Researcher Earns $10K Bounty For A Google Cloud Project SSRF Flaw

A security researcher has recently found a flaw in Google Cloud Project that allows for SSRF attacks. The researcher won a hefty bounty for reporting the flaw and the subsequent patch bypass.

Google Cloud Project SSRF Flaw

Through a recent blog post, security researcher David Schütz has explained how an SSRF flaw riddled Google Cloud Project.

As elaborated, he found this vulnerability while analyzing “Discovery Documents” for Google API services where “Jobs API” caught his attention. Tracing it further made him reach the Google Engine App that serves as a proxy to provide API access. However, while this proxy blocked access to Google’s internal resources, a whitelisting bypass existed to override this security mechanism.

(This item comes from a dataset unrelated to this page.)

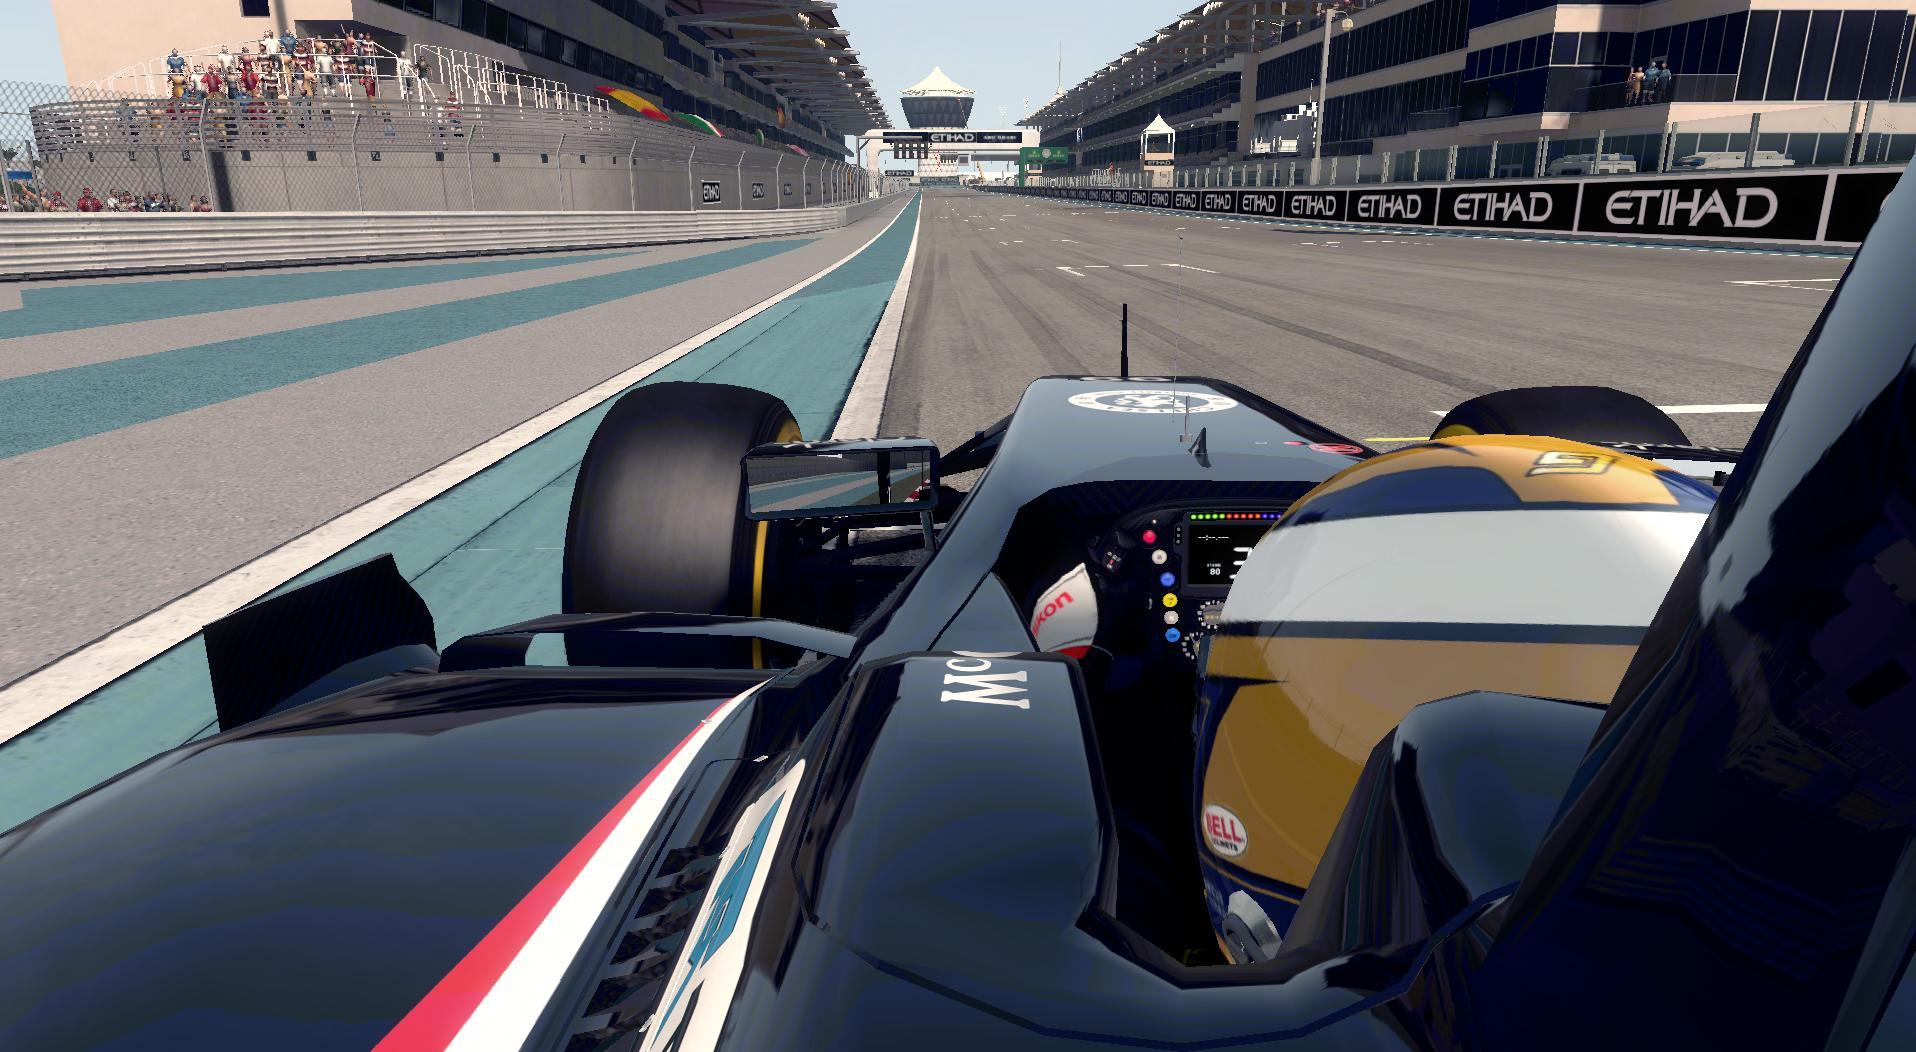 F1 2014 Marcus Ericsson Sauber Helmet v1.1

Describing the actual vulnerability, the researcher stated in the post,

Access Token for internal GCP project “cxl-services” (with scopes “https://www.googleapis.com/auth/dispatcher, https://www.googleapis.com/auth/jobs and https://www.googleapis.com/auth/cloud-platform“) can be leaked using a URL whitelist bypass on https://cxl-services.appspot.com/proxy.

Regarding the impact of this SSRF flaw upon an exploit, the researcher noted,

An anonymous attacker could exploit the URL validation vulnerability, and steal the access token the cxl-services.appspot.com App Engine app is sending.
Using this access token, the attacker could access resources on GCP projects docai-democxl-services, garage-staging and p-jobs.

Consequently, such exploitation would allow taking over the App Engine app and GKE cluster (used by docai-demo) to steal contents of demo API requests and return malicious responses. Similarly, such attacks would also permit privilege escalation to access internal Google Cloud resources.

The researcher has elaborated the details of his findings in the following video.

Google Deployed The Fix

According to the emails the researcher shared in his post, he immediately notified Google of the flaw right after discovery. Consequently, Google acknowledged his findings and started working on a fix. Whereas the tech giant rewarded the researcher with a $4133.70 bounty for the bug report.

However, upon testing the fix deployed by Google, the researcher could bypass it all over. Hence, this new finding earned him another $3133.70 bounty.

While the subsequent fix addressed the bypass, a few months later, the researcher again reached out to Google upon finding the old vulnerable versions on the AppEngine app. Eventually, while addressing this matter, Google rewarded him with another $3133.70  bounty for the report.